We departed on a clear, cool morning, gaiters on and packs filled, prepared for what we’d been warned could be the worst…dumping rain, stinging nettles, mud bog walks, 6-8 hour round trips over dicey terrain. Our venture proved short and forgiving. A steady hike under clear skies, we worked out way straight up the sides of Sabyinyo toward the Hirwa group of gorillas.
The trail wove its way through fields and as we moved into the rainforest, Francois educated us on all the flora the gorillas fed upon – bamboo, sour apple, fern… we crossed the buffalo wall, demarcation of the national park boundary built to keep the hyper destructive African buffalo within the park and out of farmers’ crops.
The canopy thickened. Francois’ radio squawked and he spoke in a rapid fire mix of Kinyarwandan and French. We searched his expression for clues as to our fate.
“They are this way, follow me.”
A few moments later, we met up with the trackers and received our debriefing.
“No food no drink leave your packs here. No flash. You need to pee? Do that now. Numba 2? You need to have done that before. You follow me, you listen to my instructions.”
We nod as willing converts to the one-hour window of gorilla interaction. The anticipation was palpable.
A short walk, maybe 200 yards later, we encountered a mother and baby.
With about 3% DNA deviation, gorillas are the better side of the family – like us, but more calm, less fettered by social norms, more furry and rocking it with equivalent of opposable thumbs on their feet (the things I could achieve…).
As for our critically endangered cousins, it was an honor to visit them that close for even just a brief window. Zoological parks can provide an education and thrills but standing across an short, unfenced divide from a peaceful creature that has an uncanny similarity of social structure, behaviors, in whose offspring’s eyes you spot the spark of discovery as the switch tack to climb, discover, play… nothing like it, people, nothing like it.
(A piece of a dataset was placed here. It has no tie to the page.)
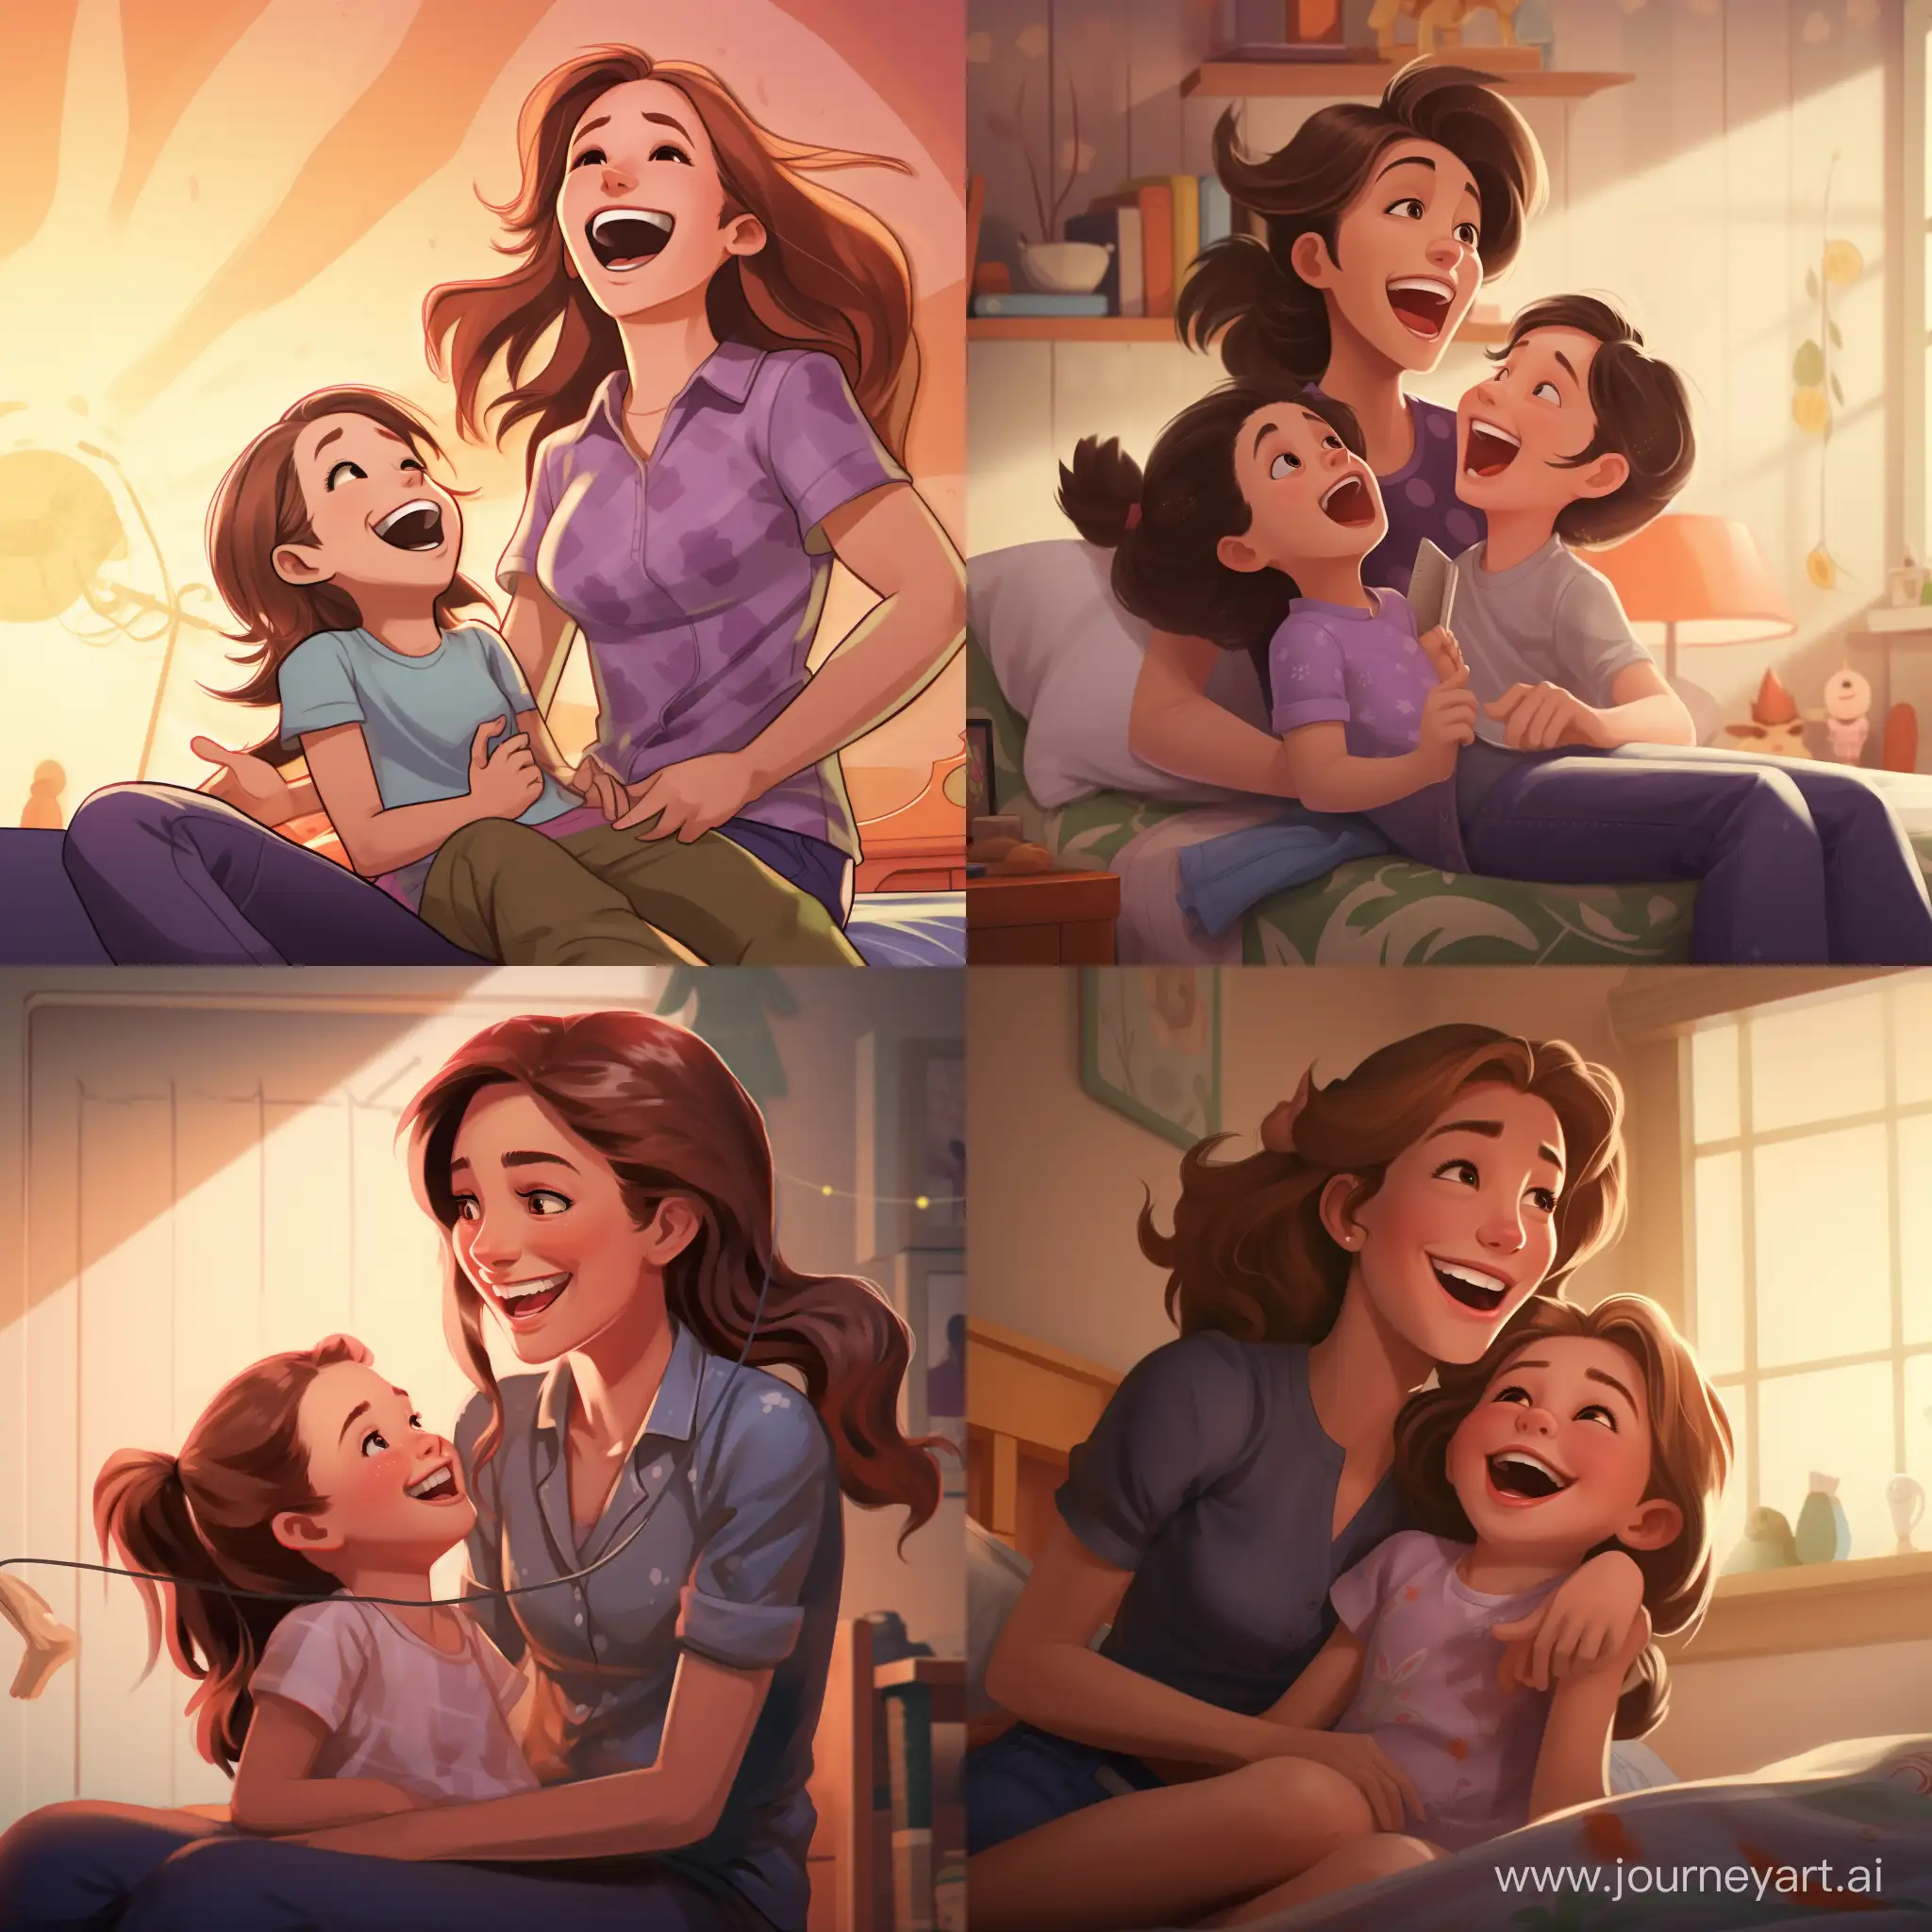 Joyful-MotherDaughter-Tickling-Moment-in-Disney-Animation-Style

Words can’t fully describe pure excitement of experiencing these incredible natural treasures up-close. We were moved, every moment spent in their presence precious. Pictures, while great to cue memory and offer a notion of the activity, barely give it justice.
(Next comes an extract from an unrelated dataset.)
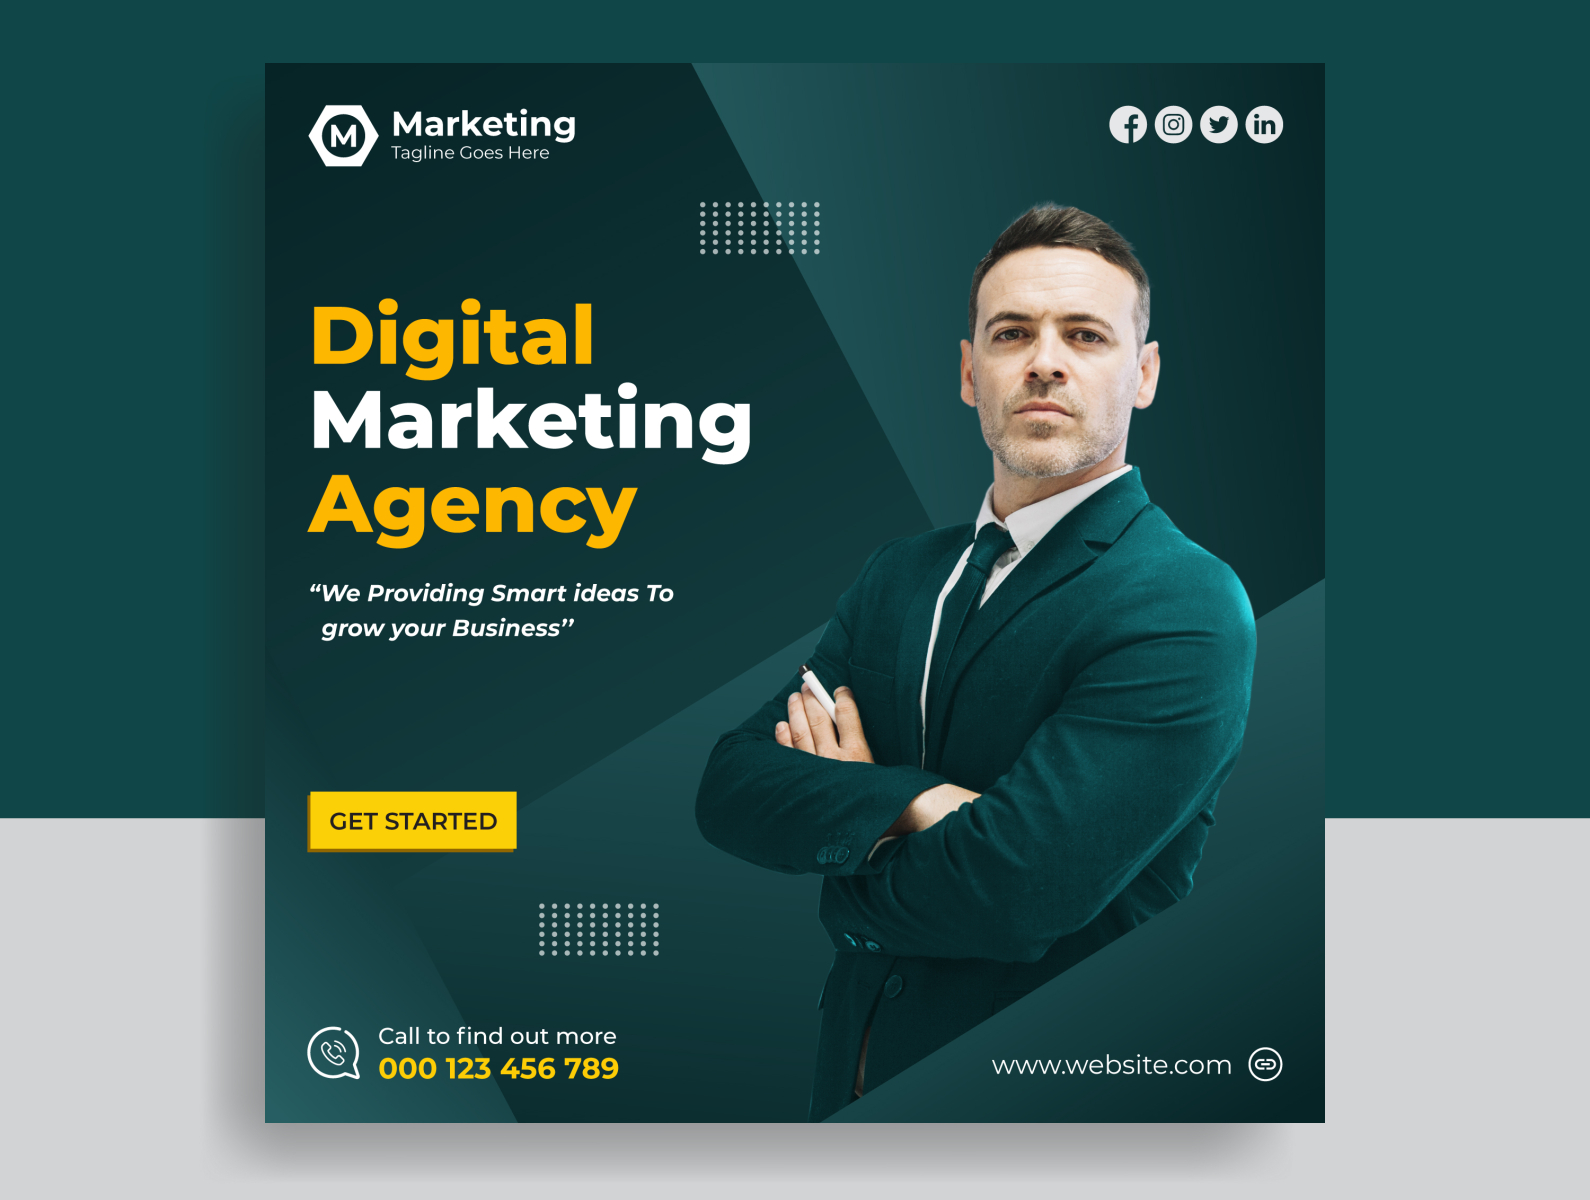 Corporate Digital Marketing Agency Social Media Post Design By Md Miraz

Consider an idea so good that we shouldn’t have to suggest it twice: grab your favorite traveling companion(s), make tracks to Rwanda and check it out for yourself.
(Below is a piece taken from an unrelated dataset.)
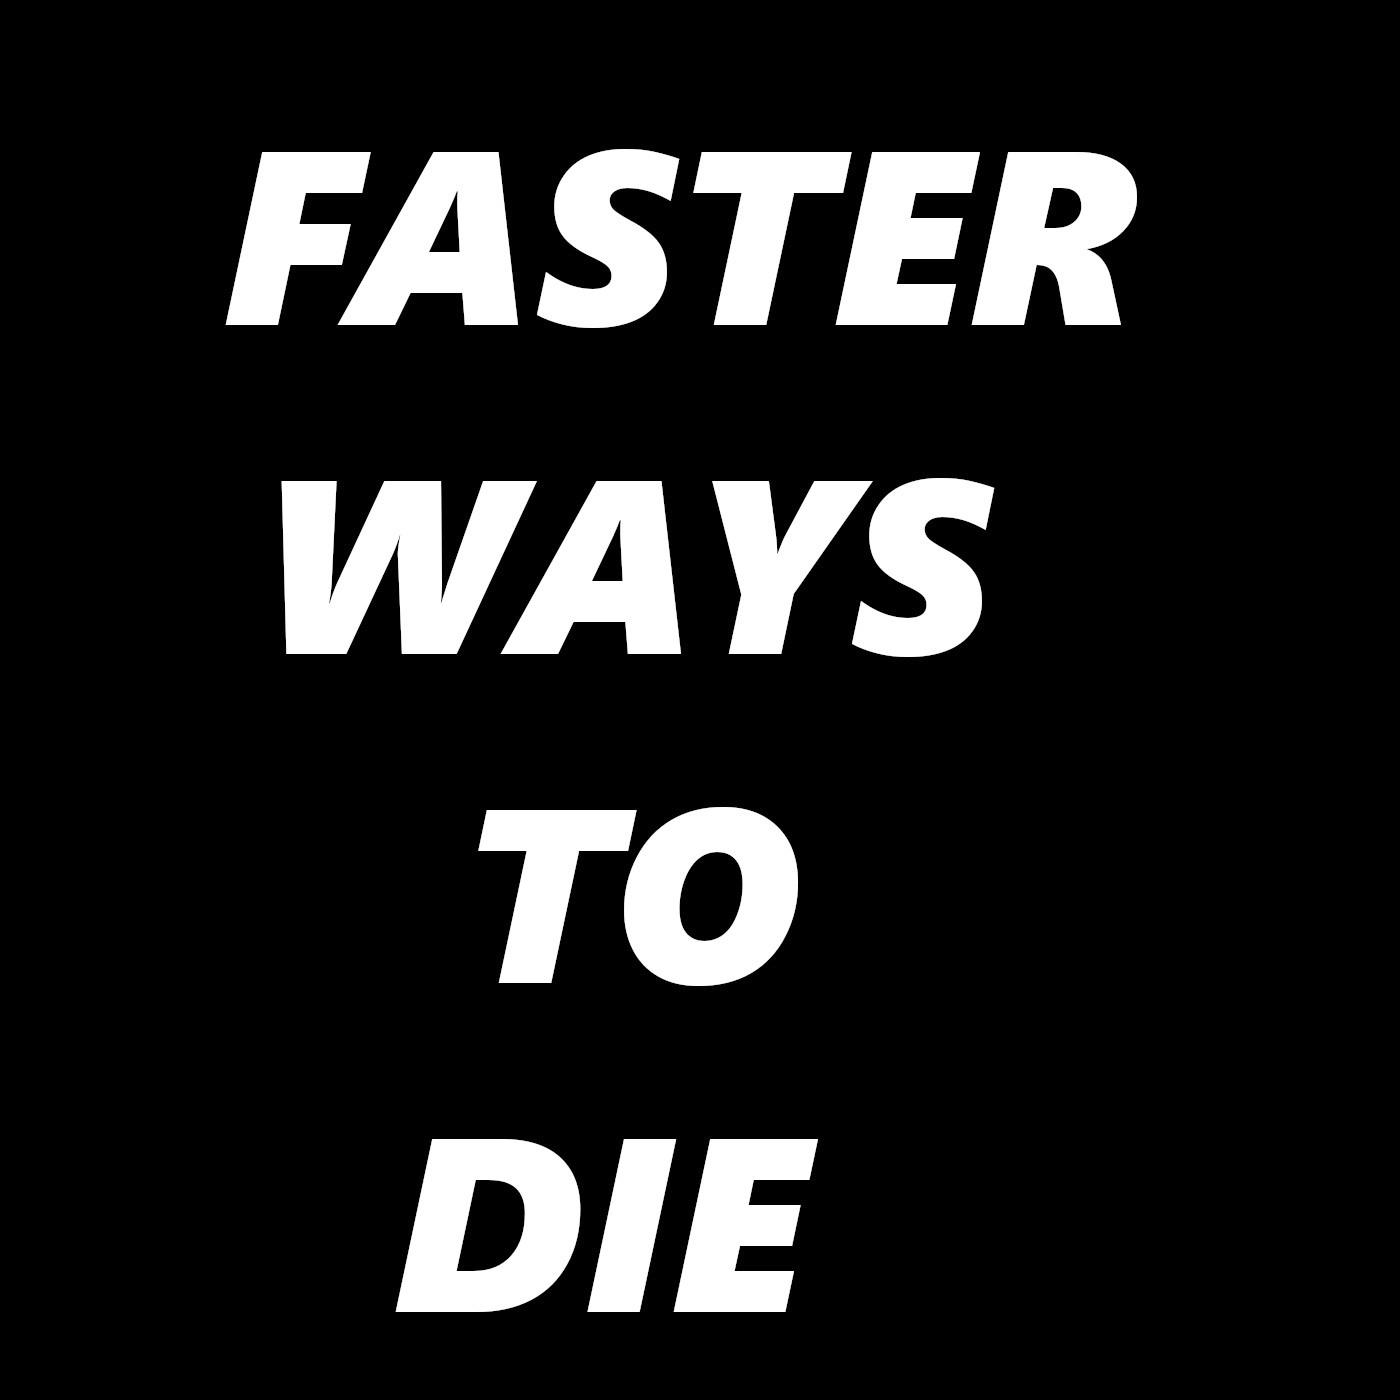 faster ways to die

The Gorilla Organization – Uganda & Rwanda, Part IV: Rwandan indigenous communities – The path from forest to farm
April 16, 2008
Thus far, the GO projects that we’d visited were designed to support communities on the edge of gorilla habitat. Then we were introduced to another community, the Batwa, indigenous forest people who had shared their ancestral homes with the gorillas.
When Rwandan national parks were created, including Parc National des Volcans, forest dwellers were evicted without compensation and prevented from providing for themselves through their hunter-gatherer traditions.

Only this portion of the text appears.